→ ASSIGNMENT:
Using only the entries below, output the lines starting at the one containing "New Cheap Wireless" and ending at the one containing "Charter of the", exactly and inclusive of both, omitting the pictures.

→ INFORMATION:
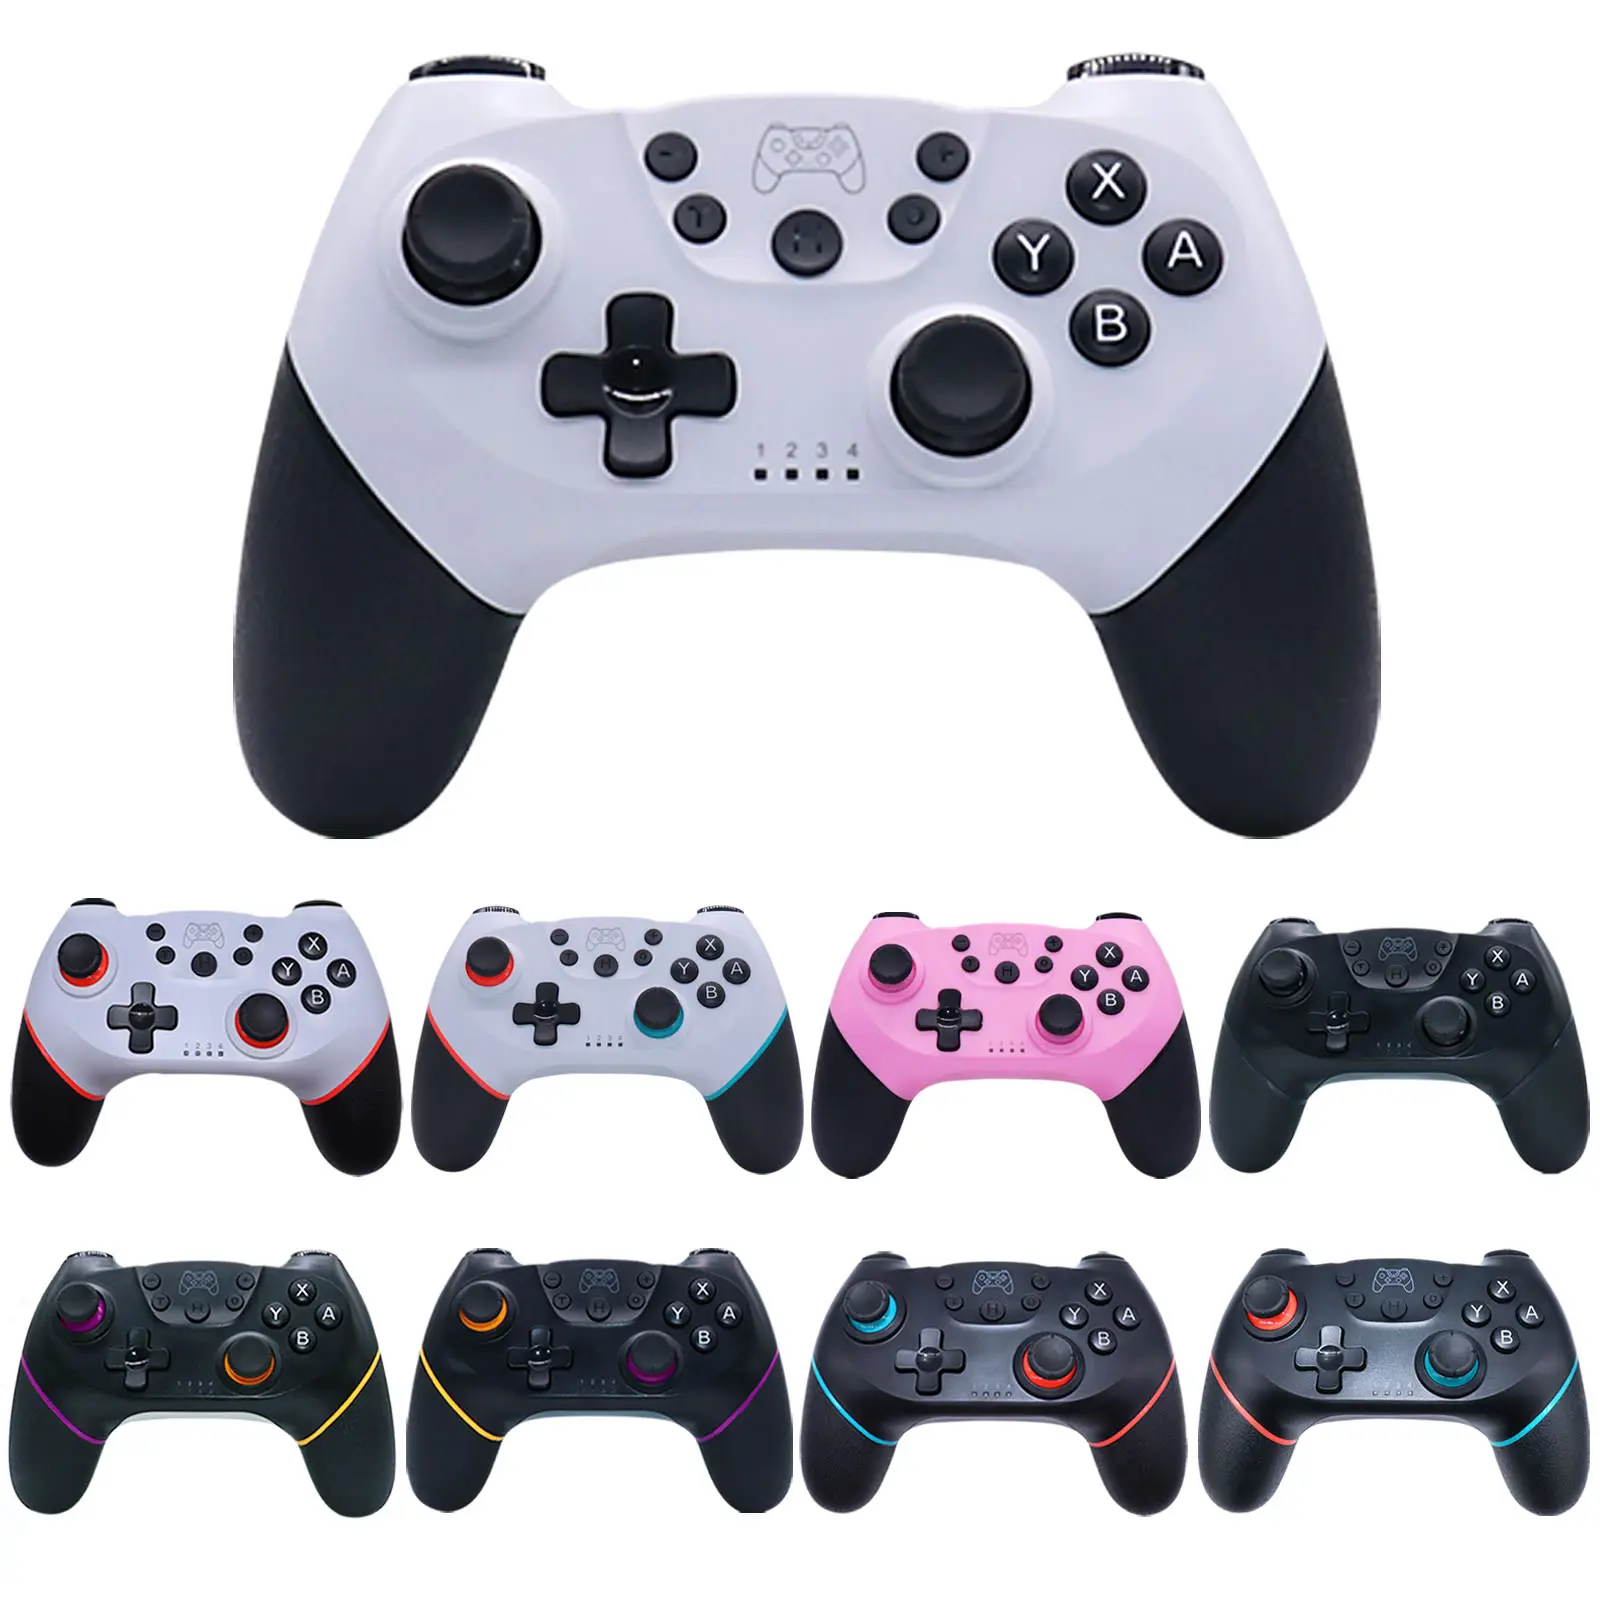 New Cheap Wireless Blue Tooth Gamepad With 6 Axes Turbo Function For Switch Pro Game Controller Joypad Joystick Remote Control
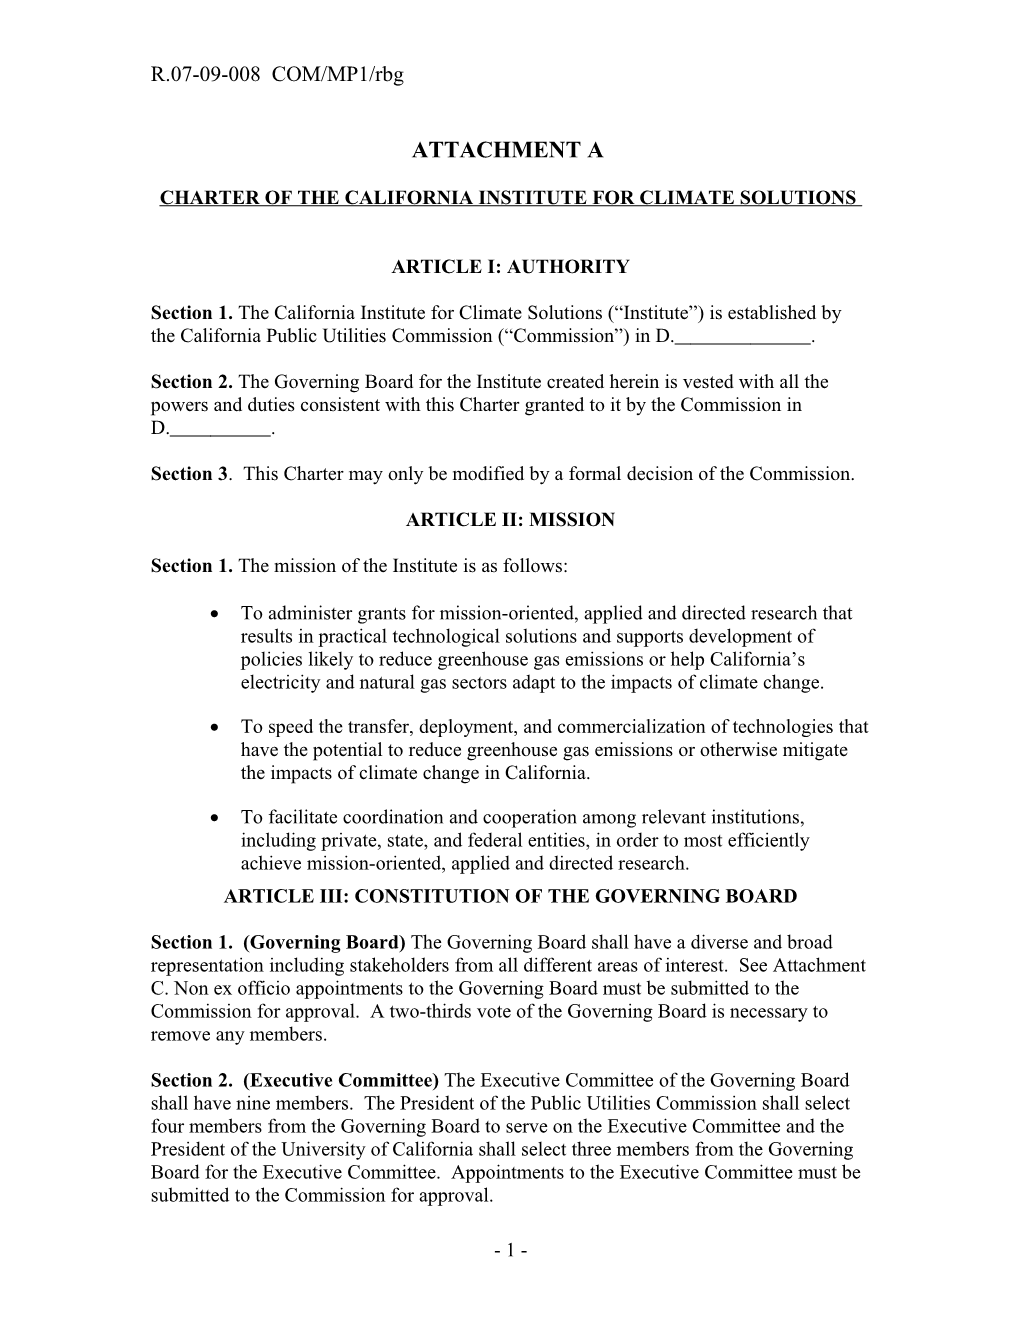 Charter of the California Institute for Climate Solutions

--

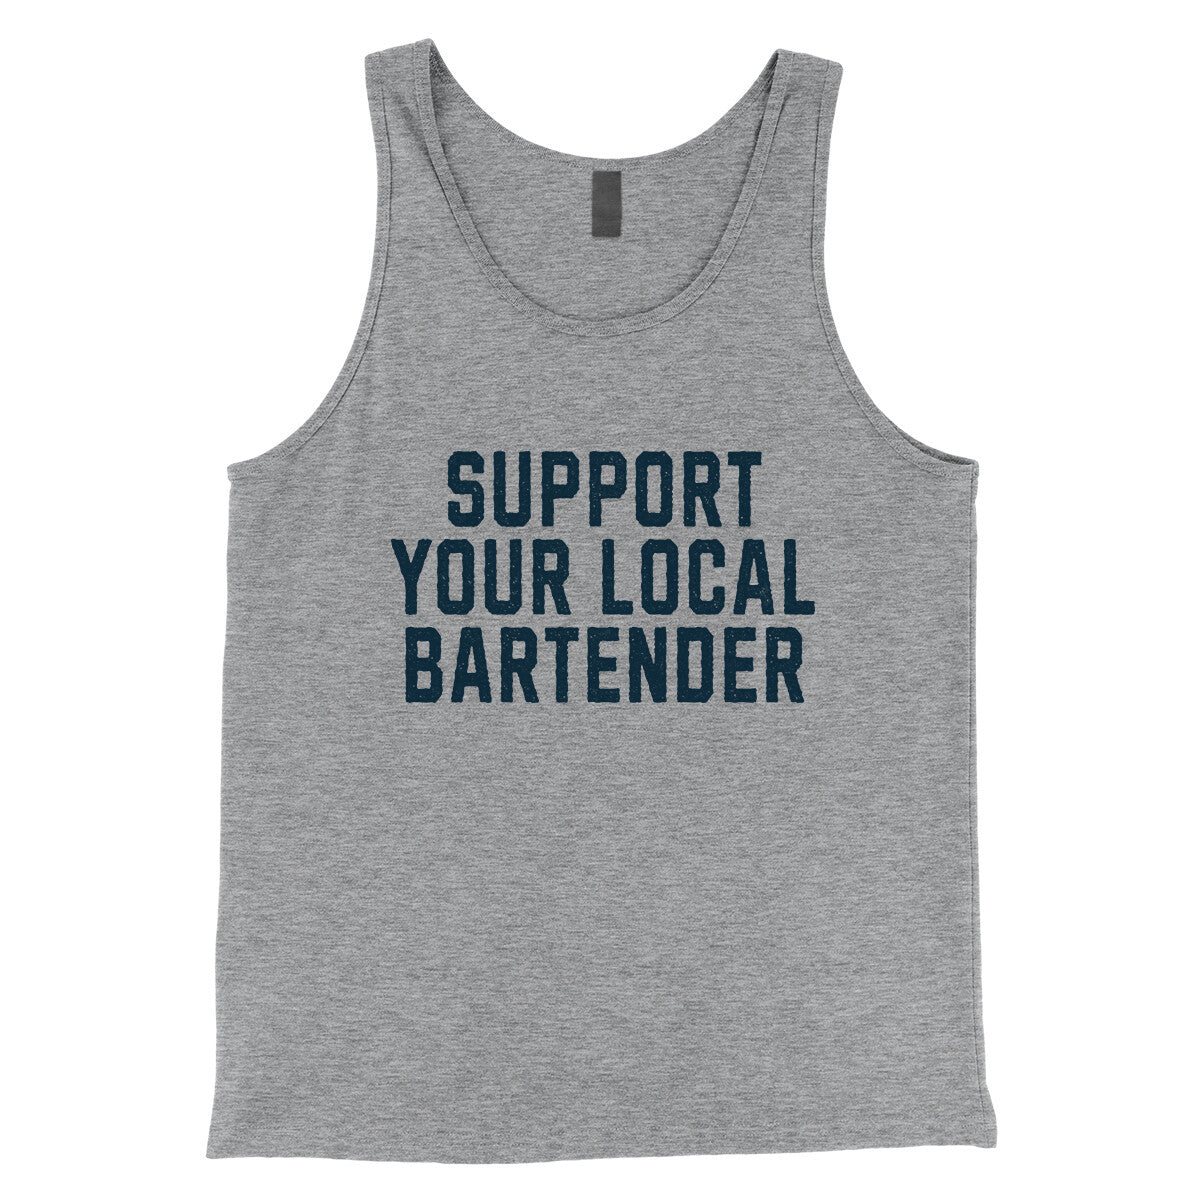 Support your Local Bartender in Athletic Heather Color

* * *

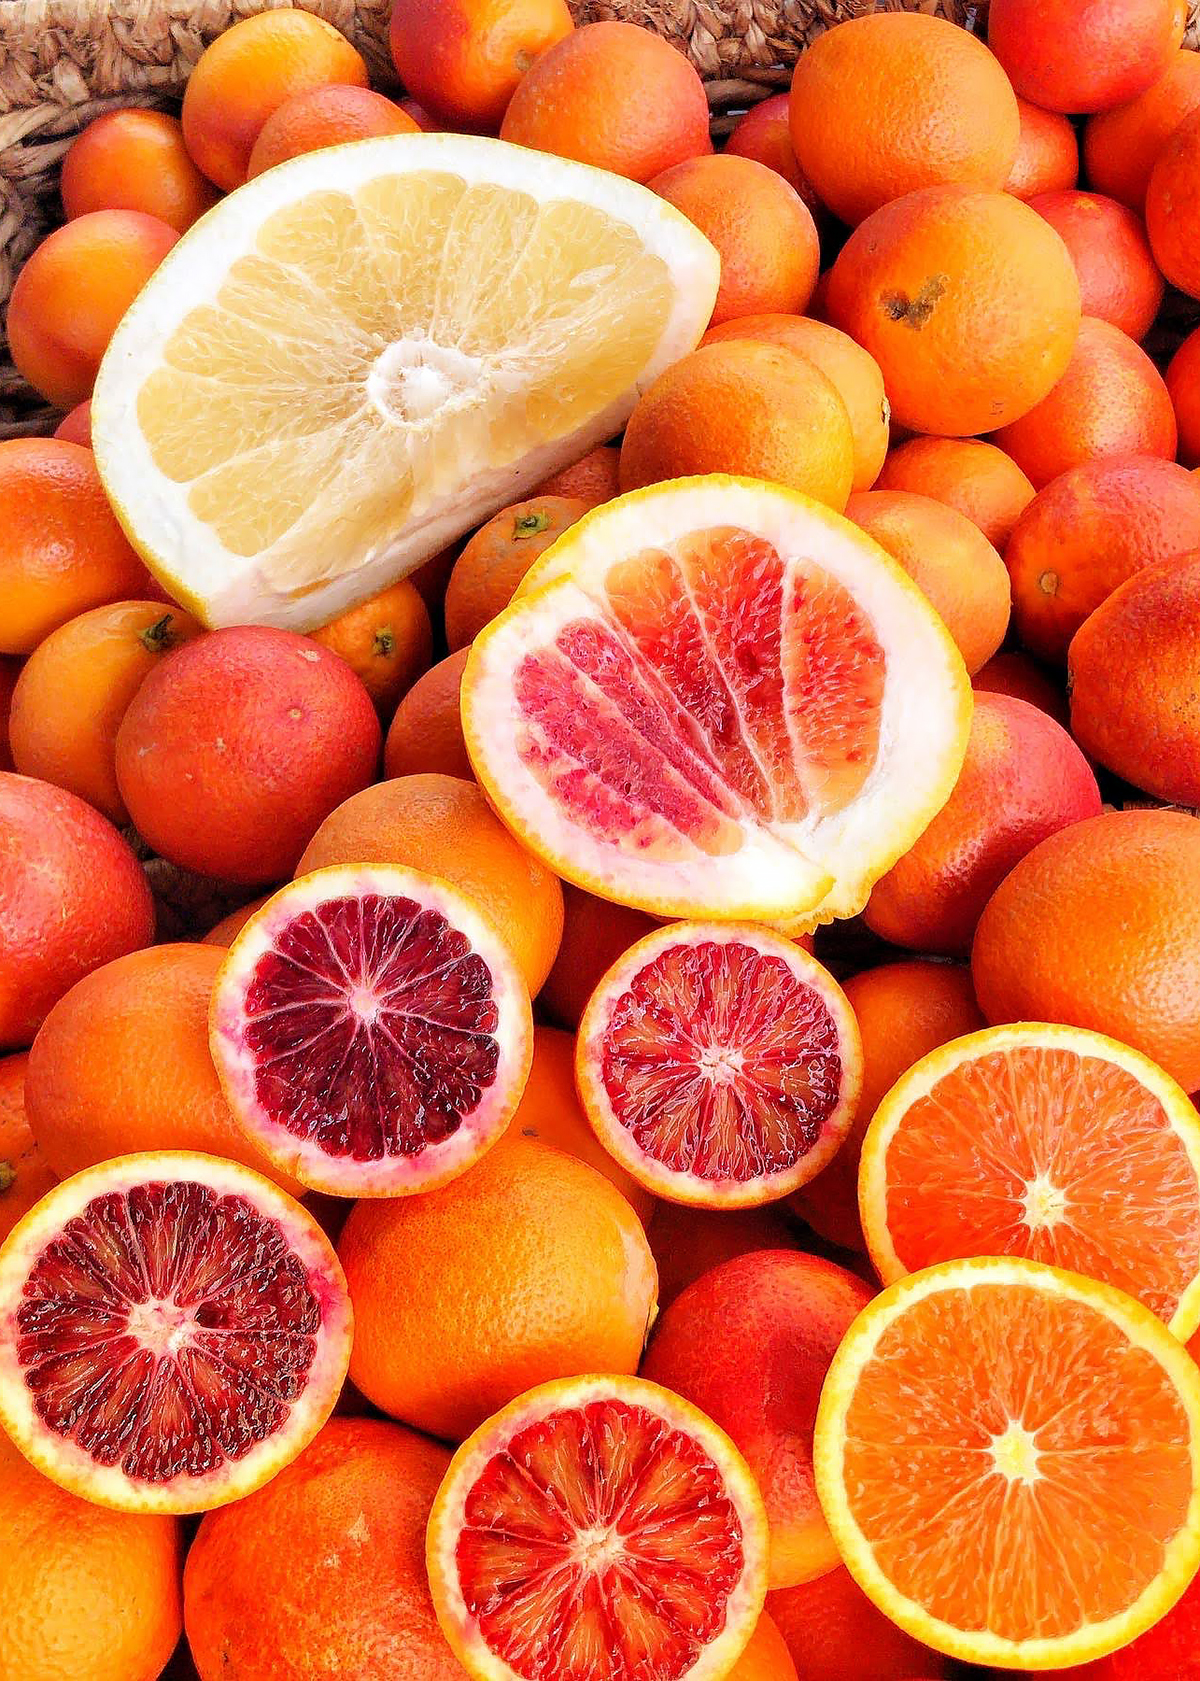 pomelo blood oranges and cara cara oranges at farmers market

→ EXERCISE ANSWER:
 New Cheap Wireless Blue Tooth Gamepad With 6 Axes Turbo Function For Switch Pro Game Controller Joypad Joystick Remote Control
 Charter of the California Institute for Climate Solutions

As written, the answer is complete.